WOW!!! Thanks for all that info.

I find this is very interesting... probably because I'm sort of a Chevy guy (although my first three cars, back when I first started driving, were Fords, and all our tractors are old Fords)... and probably because I'm a mechanical engineer. I used to work on gearbox designs (not too complex ones, though) for heavy equipment back in my college co-op job days in the late 1970's.

Our old '75 3/4 ton had a manual tranny, so I guess that's why it didn't have that locking center diffy/transfer-case. I can't imagine that old truck having an automatic tranny plus that center diffy... that is, I see no way for that truck to have gotten even worse gas mileage. I guess we'd be talking GPM - gallons per mile. Wow, no wonder people did conversions to up the mileage.
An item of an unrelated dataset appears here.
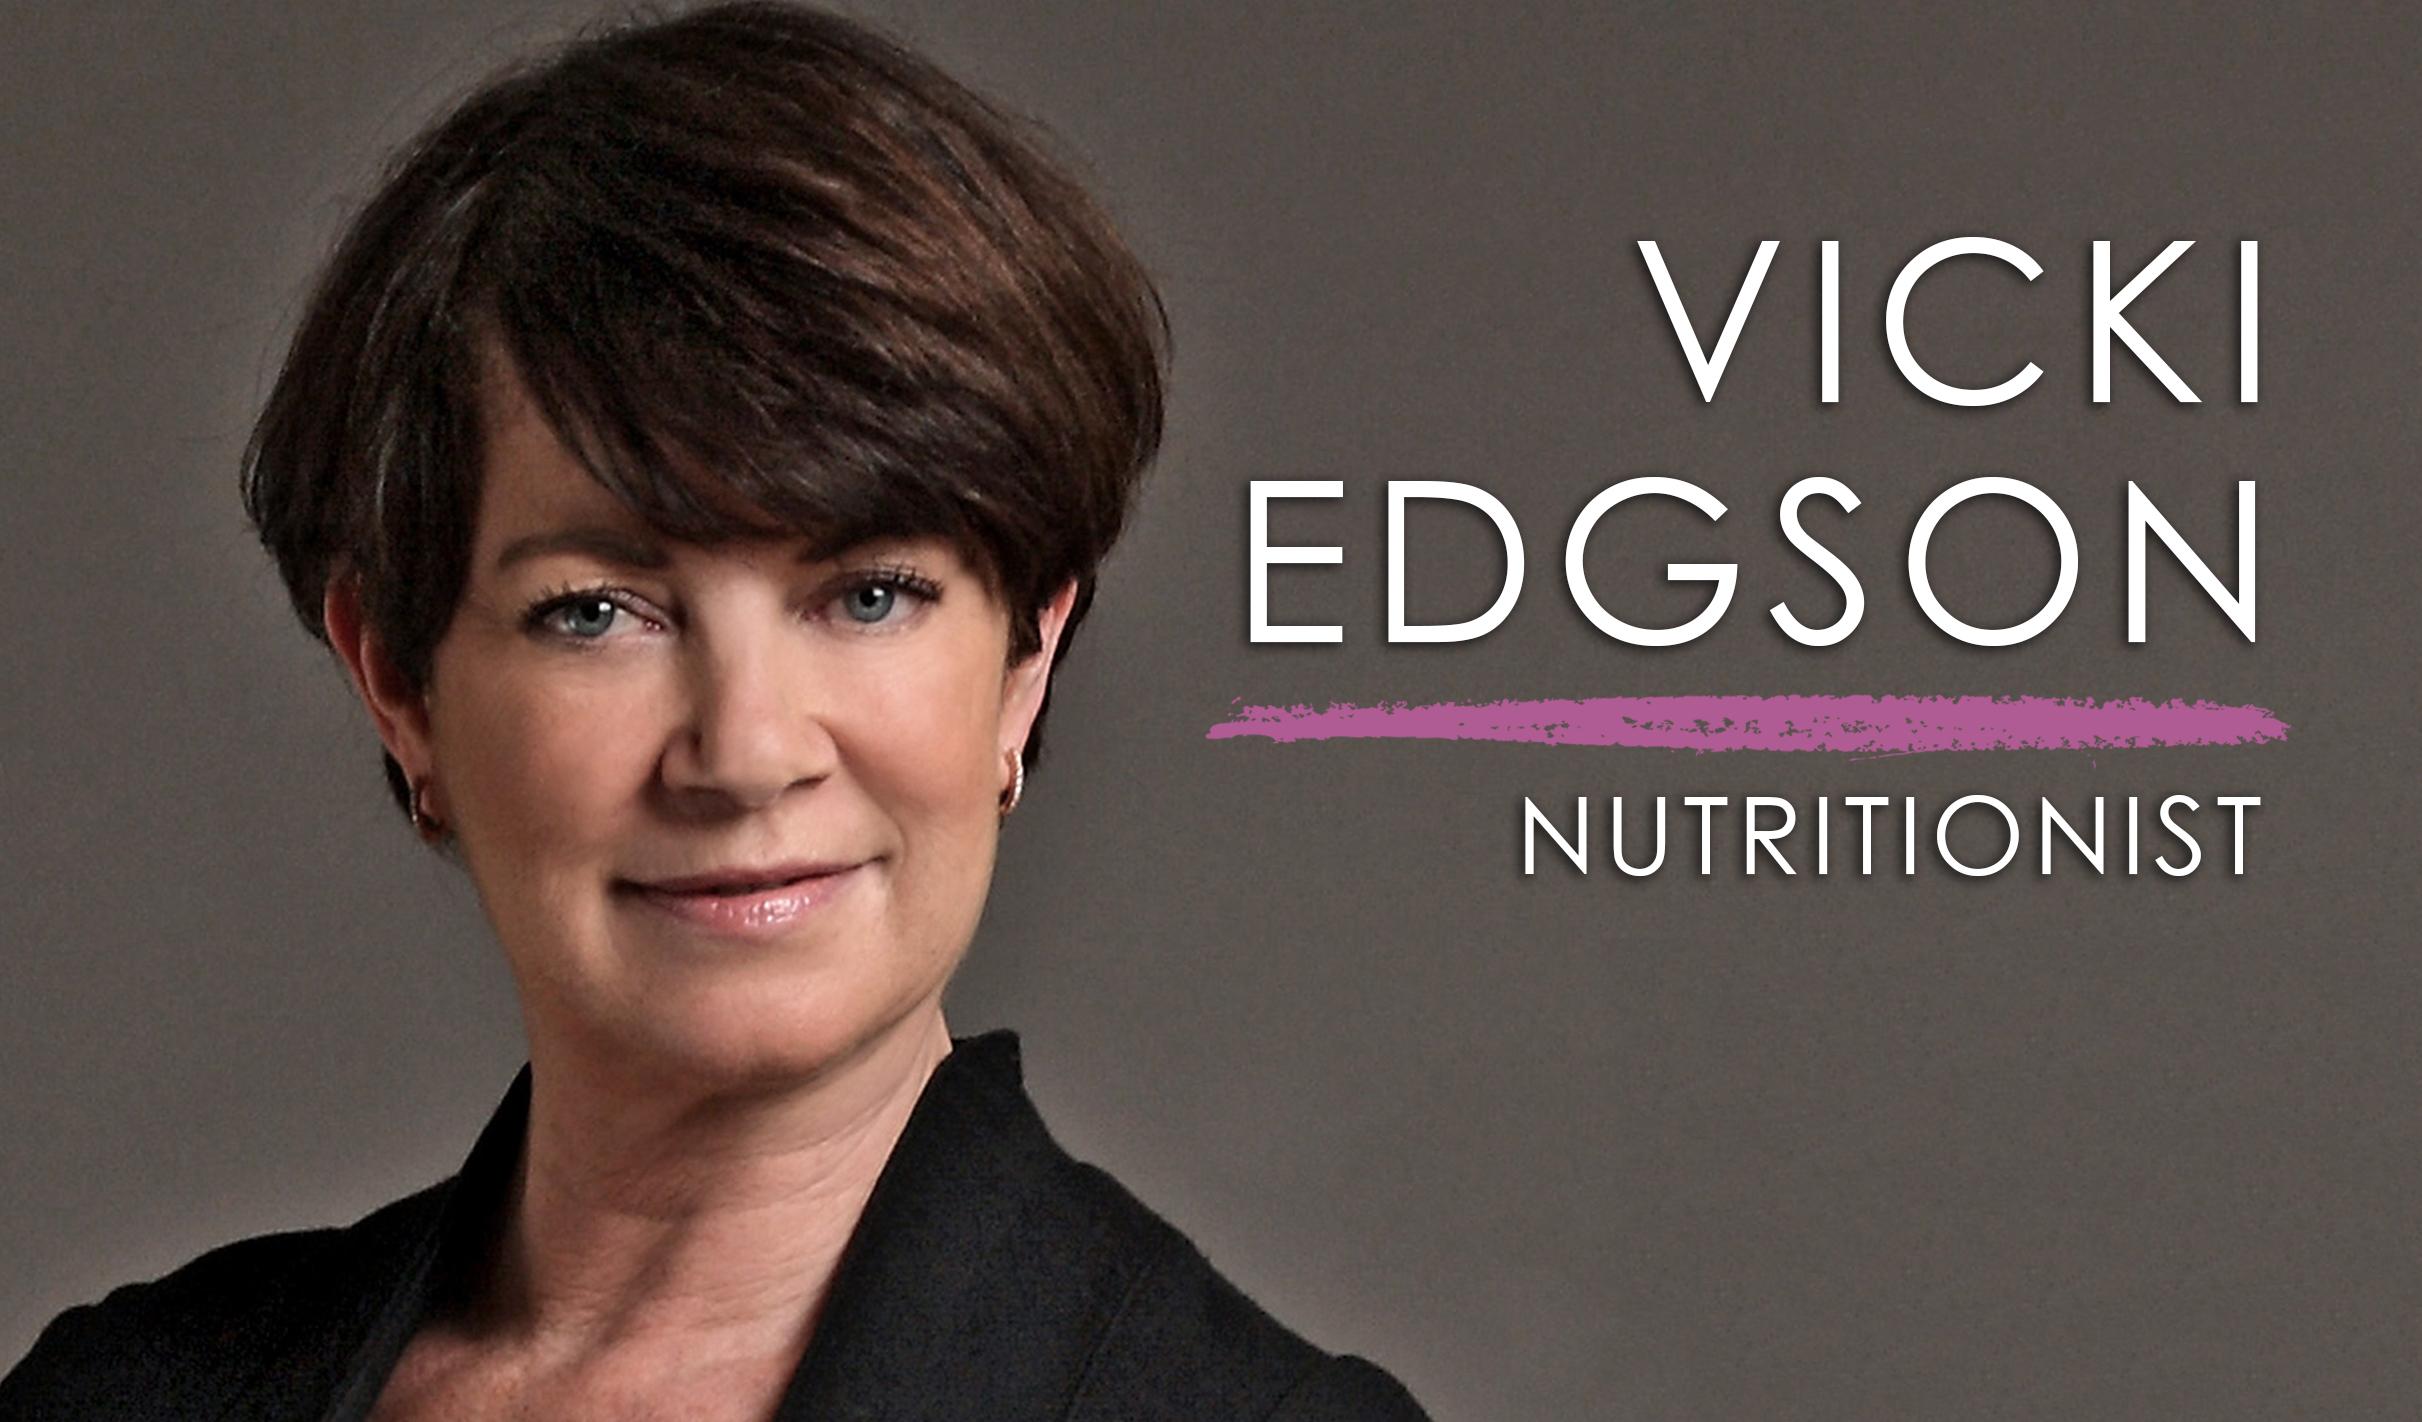 VICKI EDGSON ARTICLE

We sold that old 75 to a guy who owned a construction firm. He added a plow and towed a work trailer with it after he bought it (we never had a plow on it). When I last knew, the next owner had over 300K on it w/o any engine work. We always change oil on a regular basis in all our vehicles as well as our tractors, riding mowers, etc. I think that's the one thing you can't skimp on with any vehicle or equipment.

I'm guessing I'm not the only one who likes to read about this sort of thing. Keep it coming whenever you get a chance. I know I appreciate it.

Again, thanks for the excellent info.


----------